● **TASK STATEMENT**
Only the lines from the one containing "Chester Bennington of" through the end of the material should be printed, exactly as they appear. Leave out pictures.

● **SUPPLIED DATA**
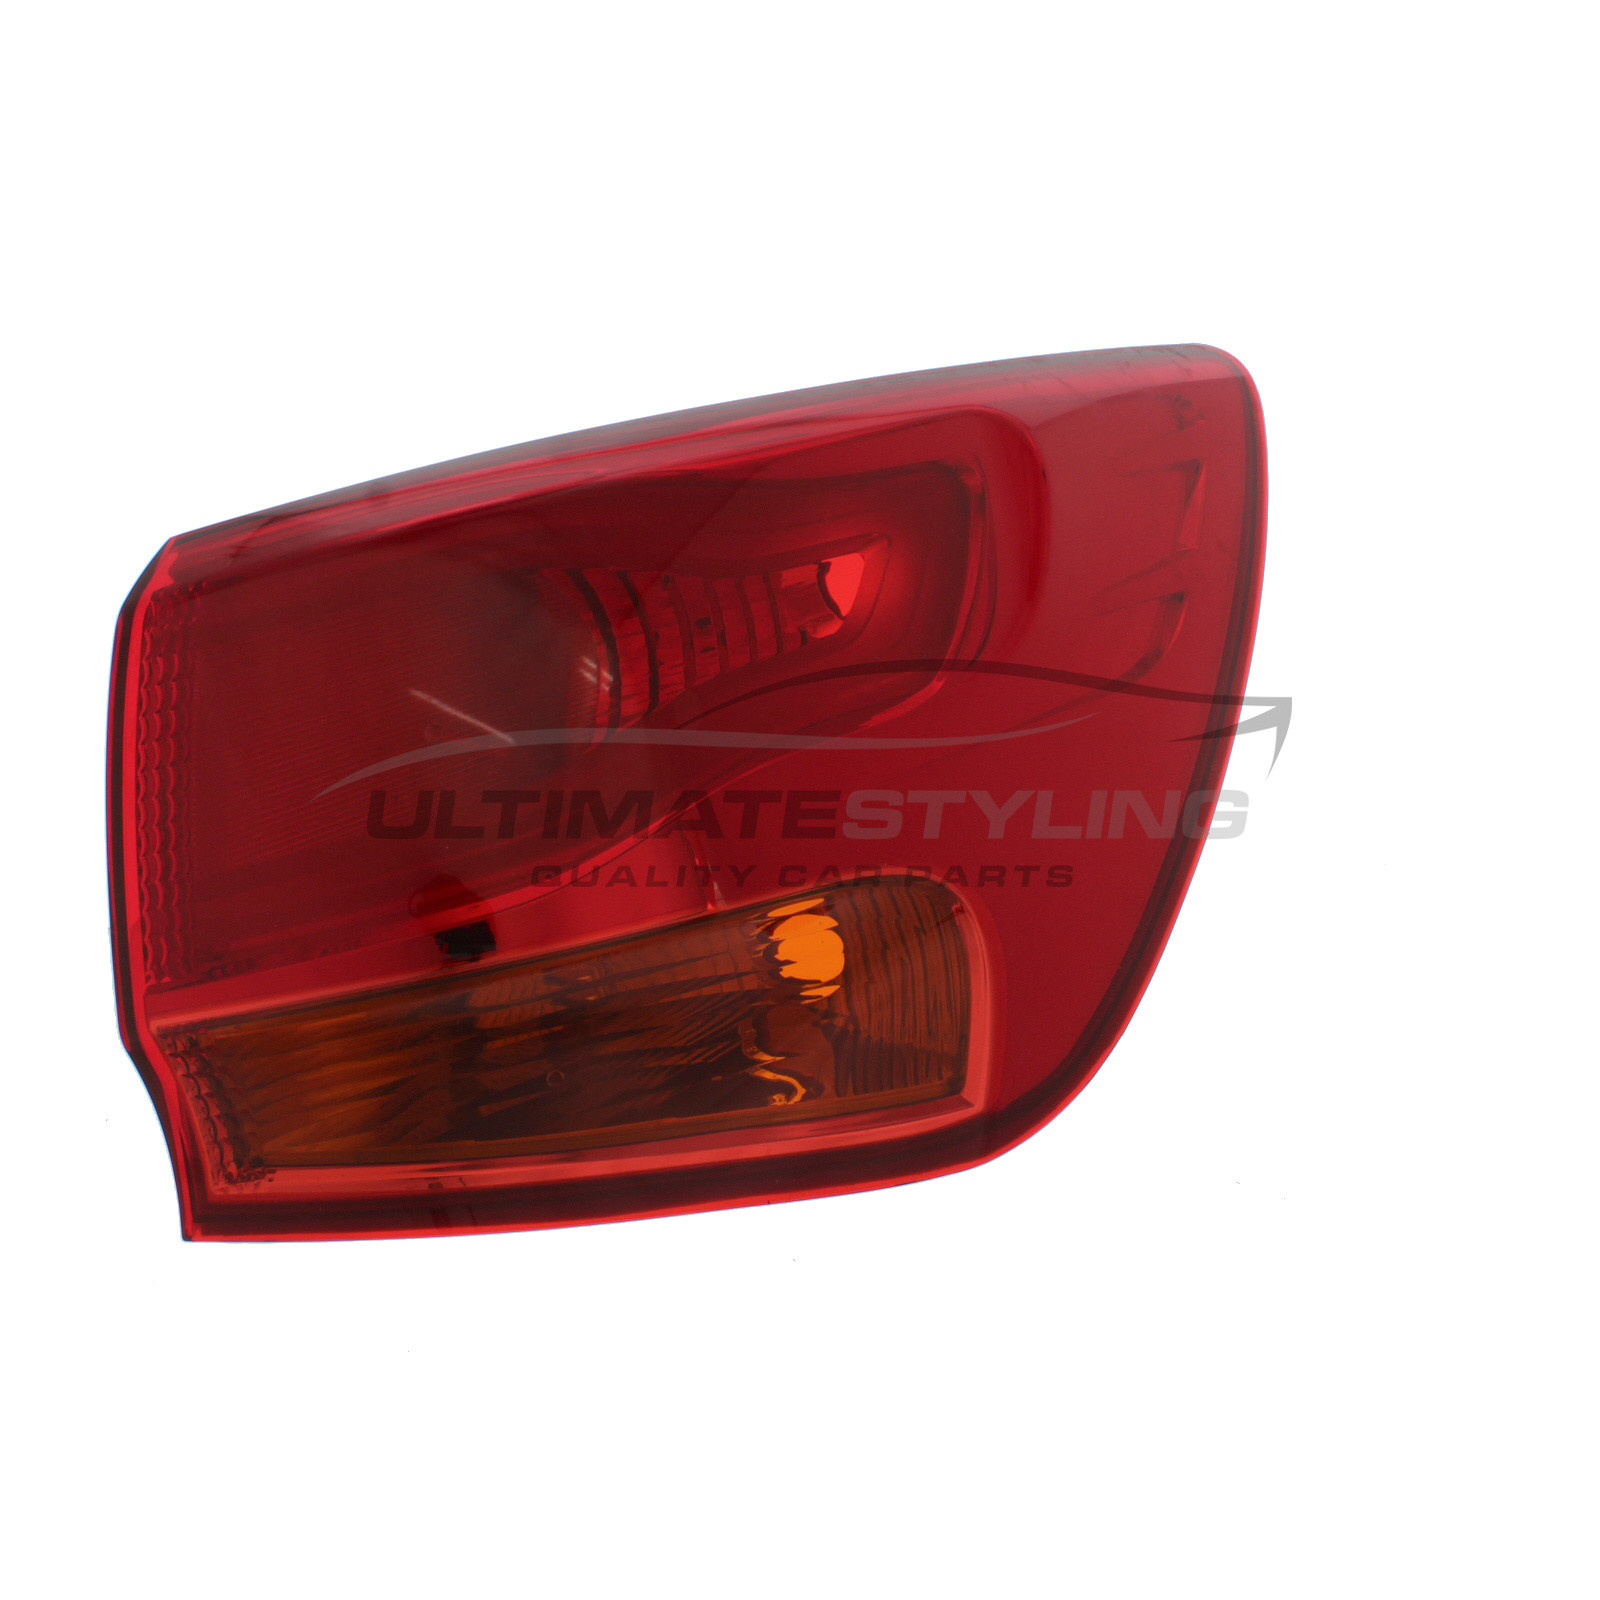 FOR KIA CEED ESTATE 2006-2009 NEW REAR LOWER TAIL LIGHT LAMP RIGHT O/S DRIVER
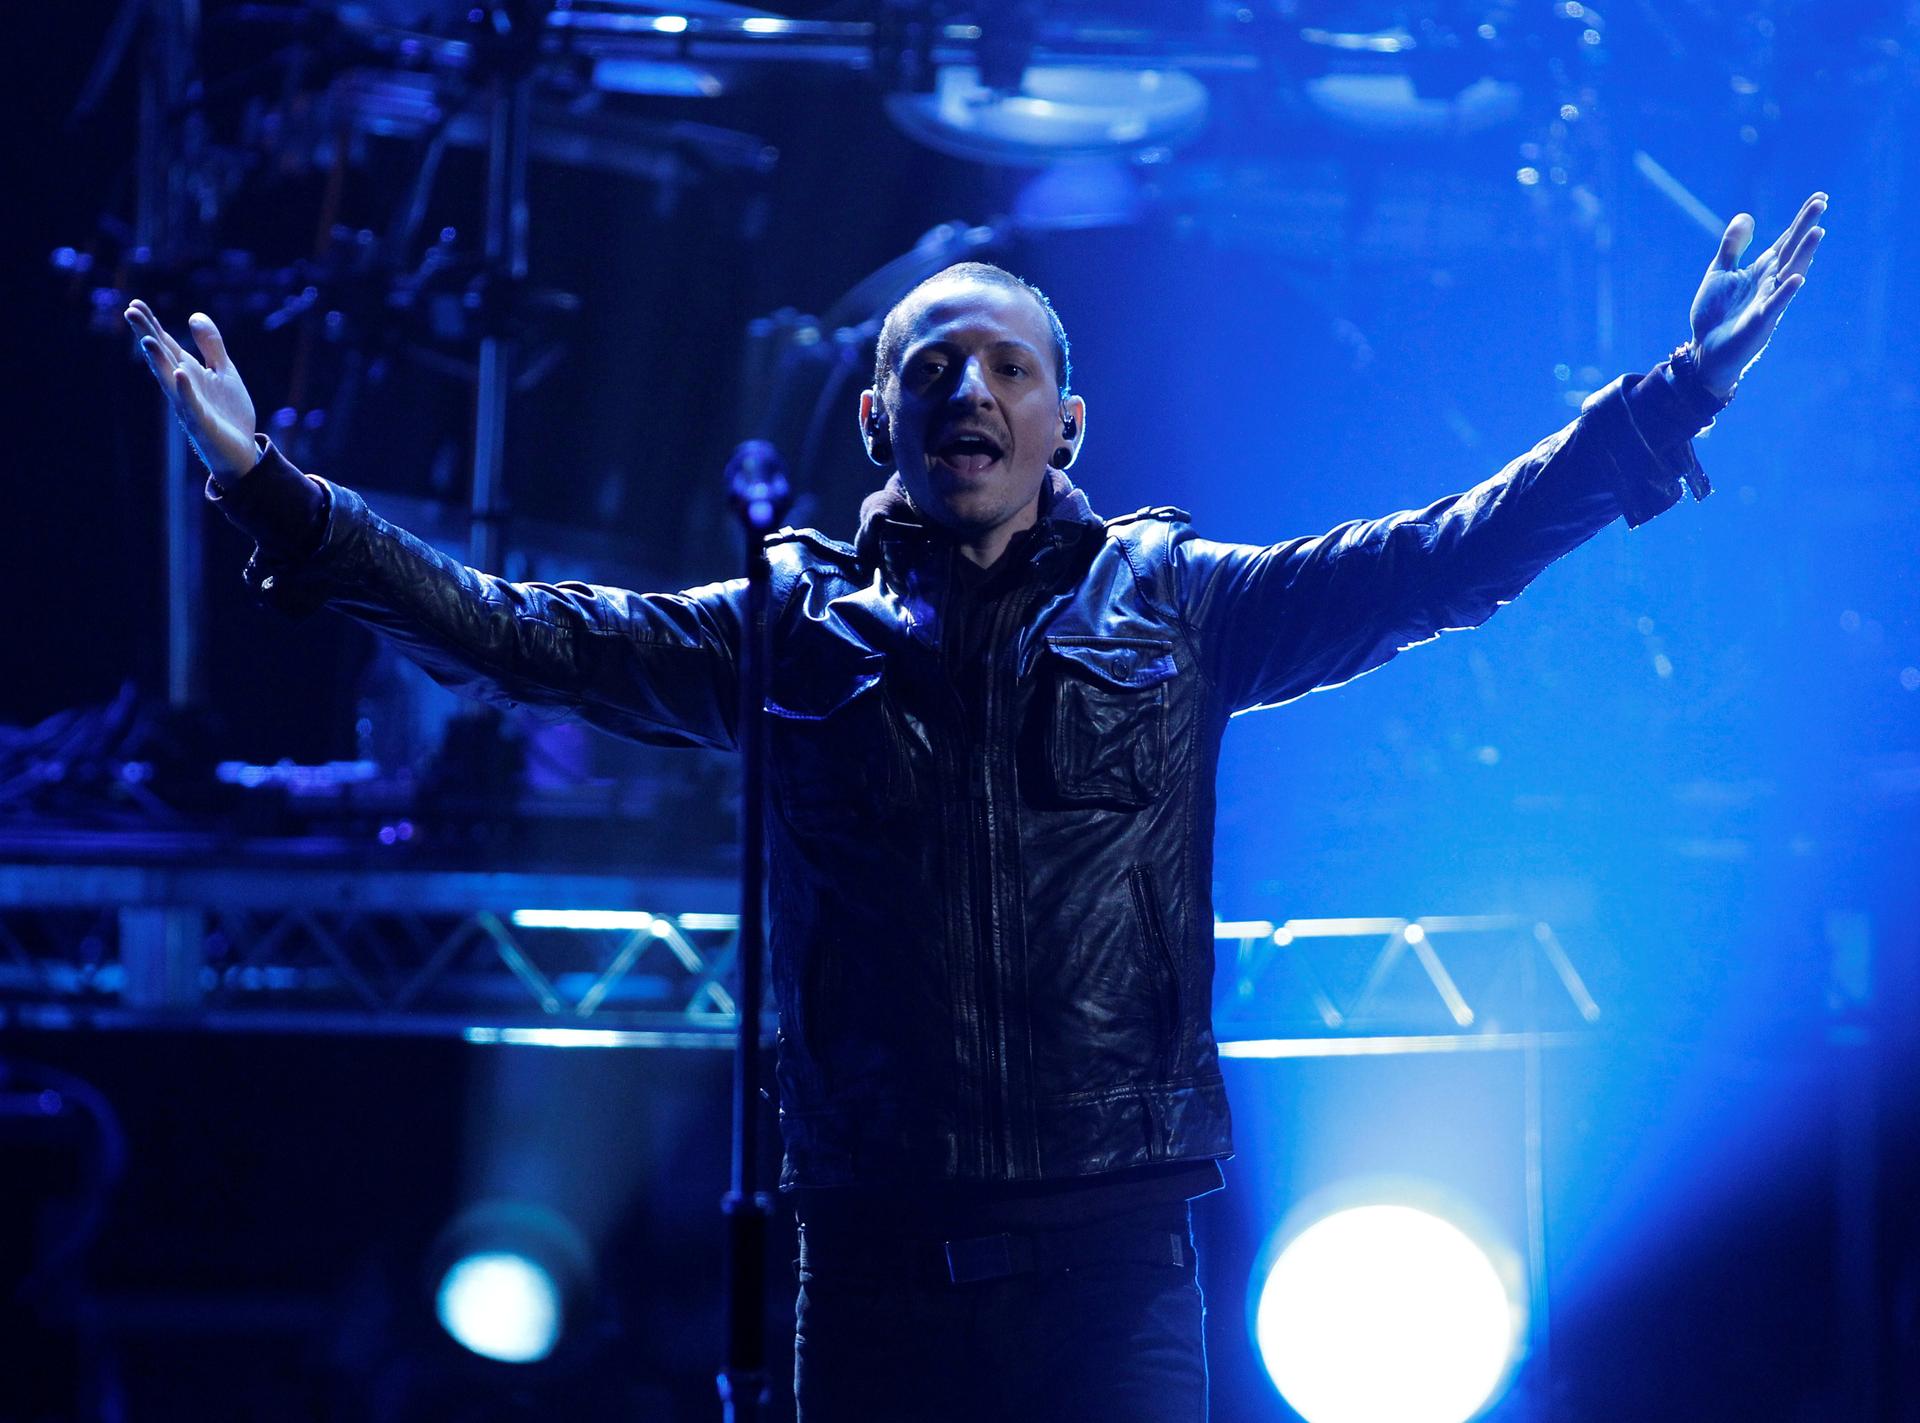 Chester Bennington of Linkin Park performs "Burn It Down" at the 40th American Music Awards in Los Angeles, California, November 18, 2012.
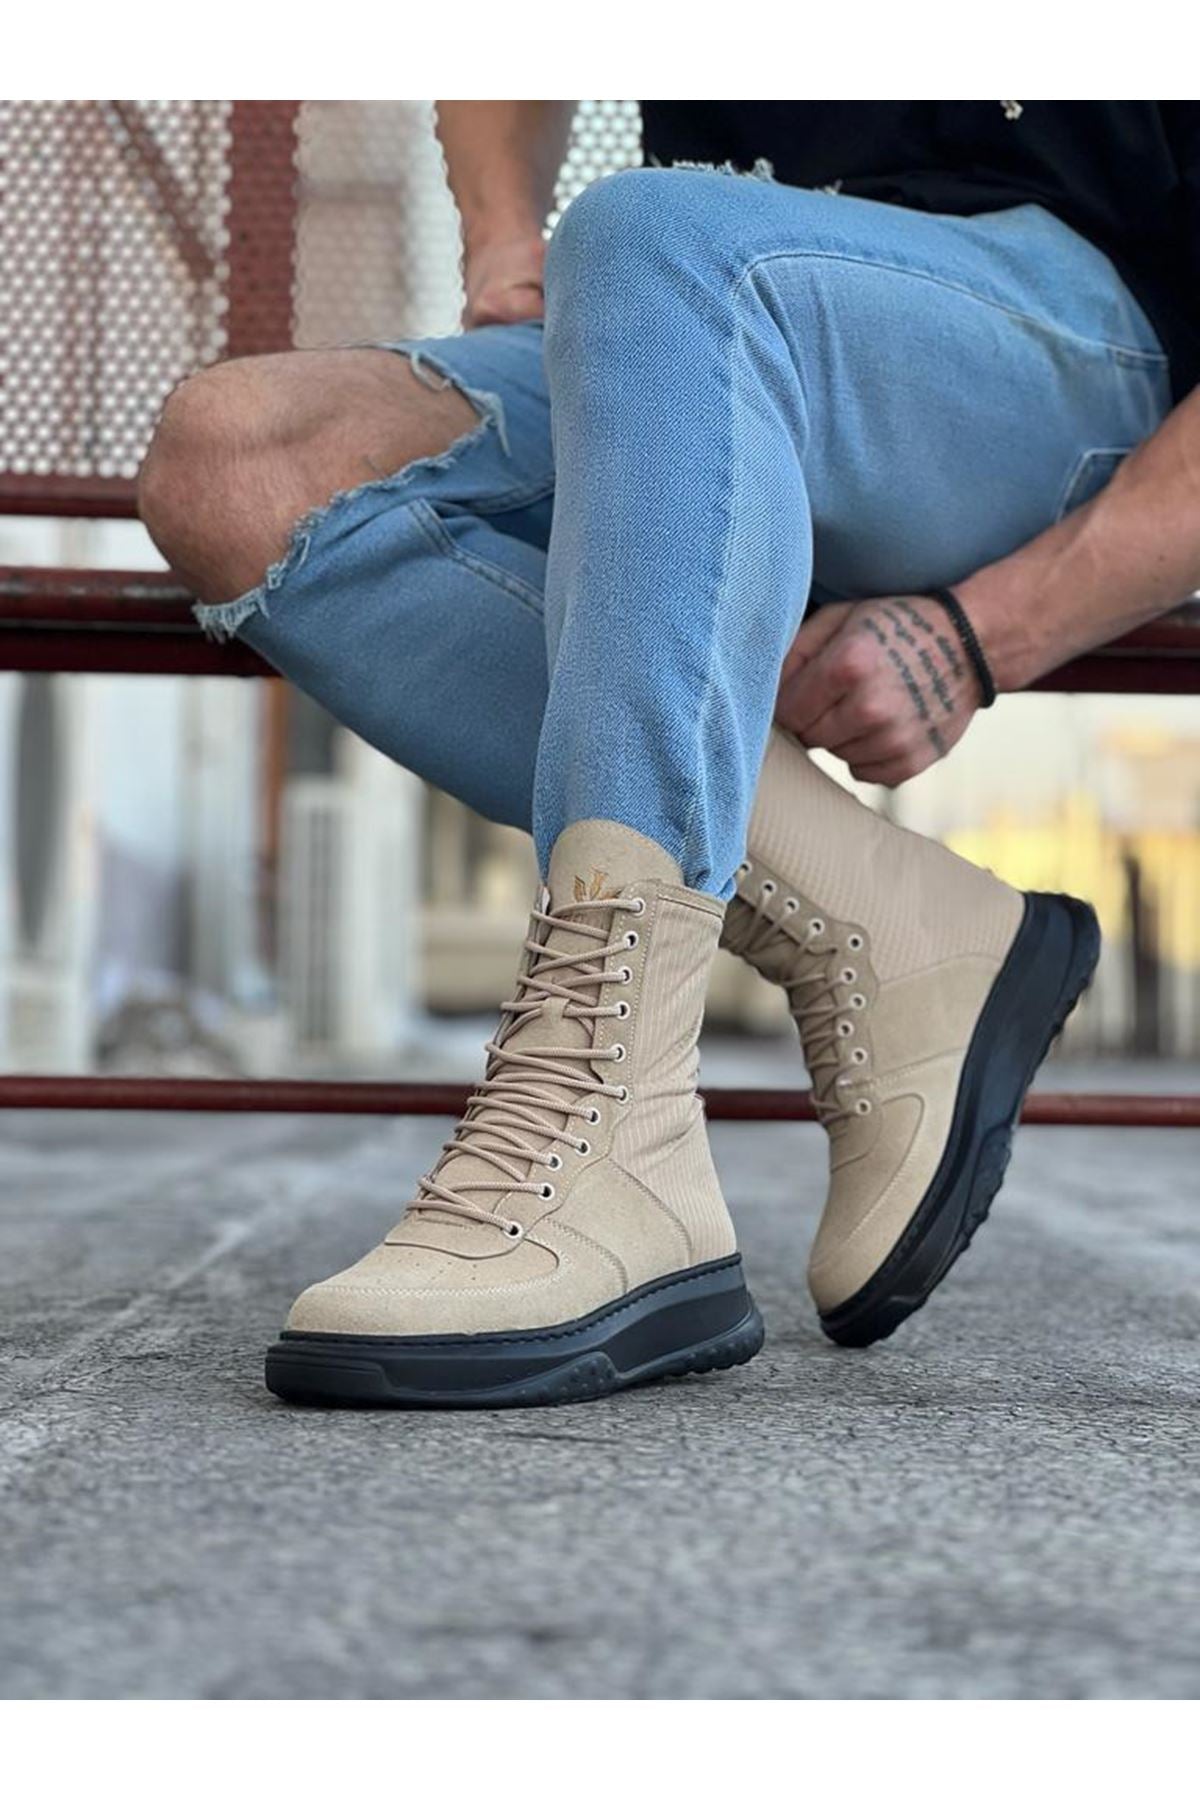 WG012 Men's Beige Charcoal Suede Leather Long Lace-Up Boots - STREETMODE ™

● **RESPONSE TO THE TASK**
 Chester Bennington of Linkin Park performs "Burn It Down" at the 40th American Music Awards in Los Angeles, California, November 18, 2012.
 WG012 Men's Beige Charcoal Suede Leather Long Lace-Up Boots - STREETMODE ™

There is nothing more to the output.